Having a Healthy Pregnancy

In addition to seeing your doctor regularly during pregnancy, these general tips will help keep you and your fetus healthy:

  • Avoid X-rays. If you must have diagnostic tests, including dental X-rays, tell your doctor or dentist that you are pregnant. Precautions can be taken.
  • Get a flu shot. Flu may be more severe in pregnant women and require hospitalization.
  • Ask your doctor whether you should take a daily prenatal vitamin.
  • Don’t smoke, drink alcohol, or use drugs.
  • Gain a healthy amount of weight—your doctor will help you determine how much you should be gaining.
  • Unless your doctor has told you to avoid physical activity, stay active. If you’ve always been active, talk with your doctor about what level of activity you can maintain.

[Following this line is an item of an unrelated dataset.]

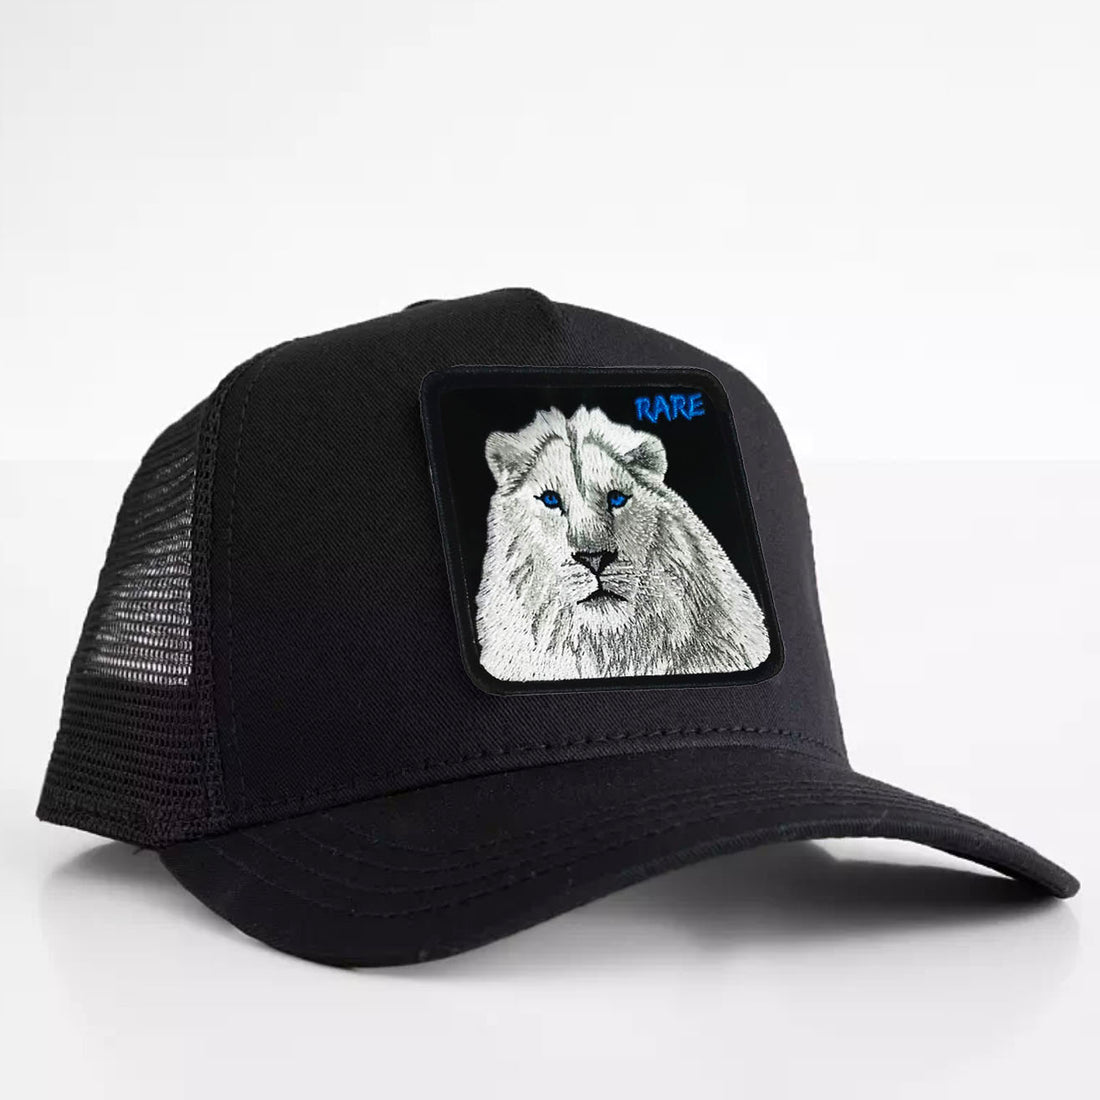 White Lion - "Rare" Trucker Hat
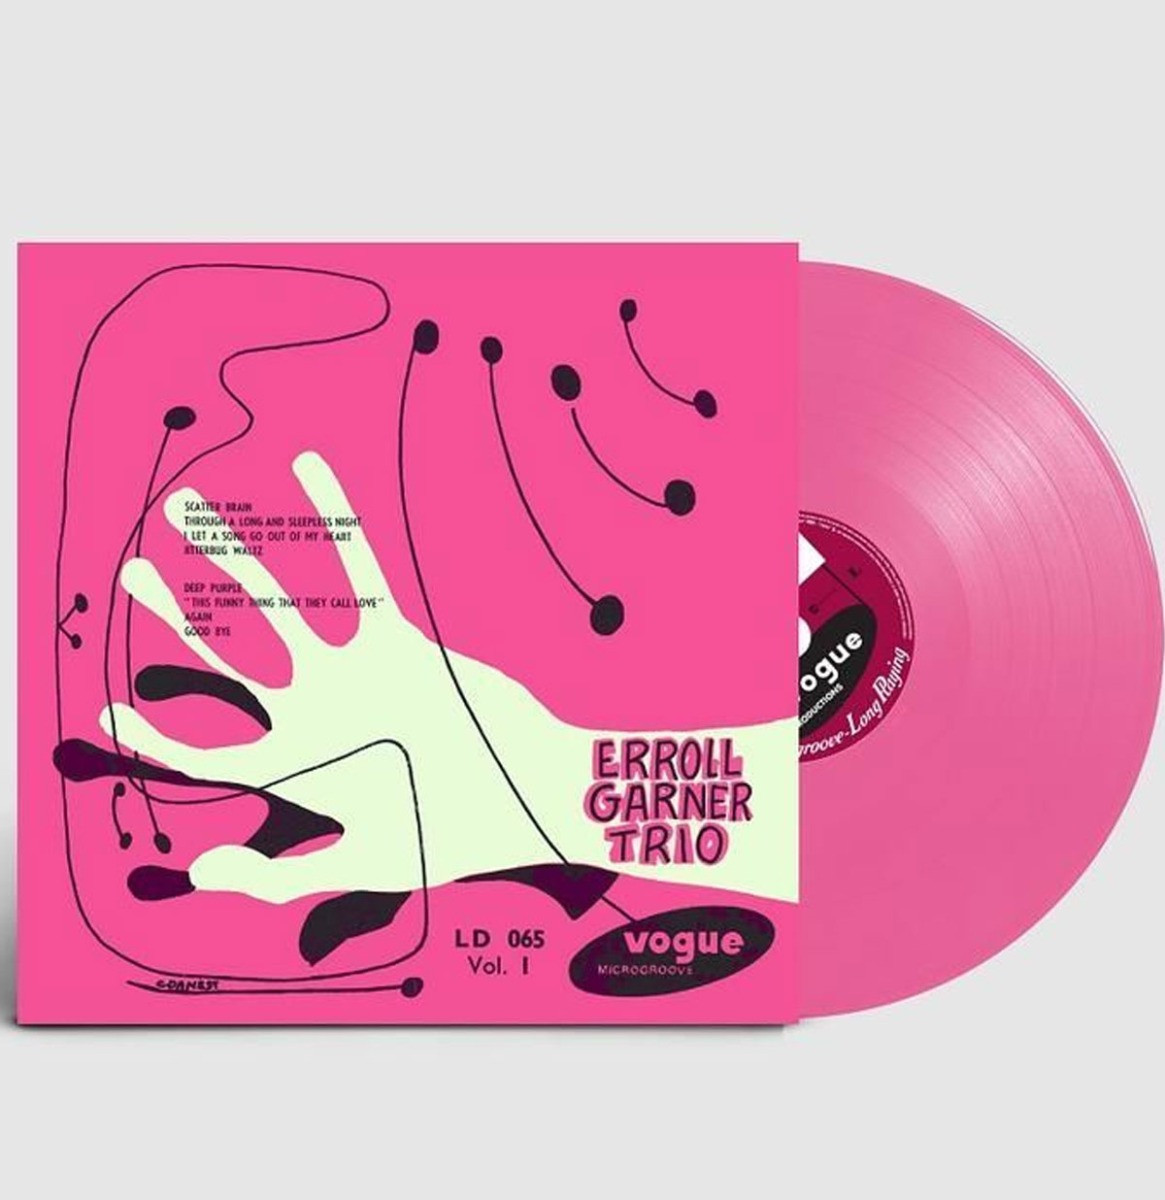 Erroll Garner Trio - Erroll Garner Trio Vol.1 LP Pink Vinyl

A minimum recommendation is two-and-a-half hours per week of moderate-intensity activity, spread out throughout the week.
  • Avoid hot baths and hot tubs.
  • Manage stress levels and get plenty of sleep.
  • Learn about childbirth and caring for a newborn—books, classes, videos, your doctor, and other mothers can all be excellent resources.

Nutrition Tips

  • Eat healthy foods, including plenty of fruits and vegetables and foods that are rich in calcium.
  • Drink plenty of fluids—mostly water.
  • Get adequate nutrients from a variety of healthy foods. Iron is particularly important—it prevents anemia, which puts your fetus at risk for preterm birth and low birth weight.
  • Don’t eat fish that tend to be high in mercury. These include swordfish, king mackerel, shark, and tilefish.
  • Protect yourself from food-borne illnesses: wash fruits and vegetables thoroughly and don’t eat undercooked meat or fish.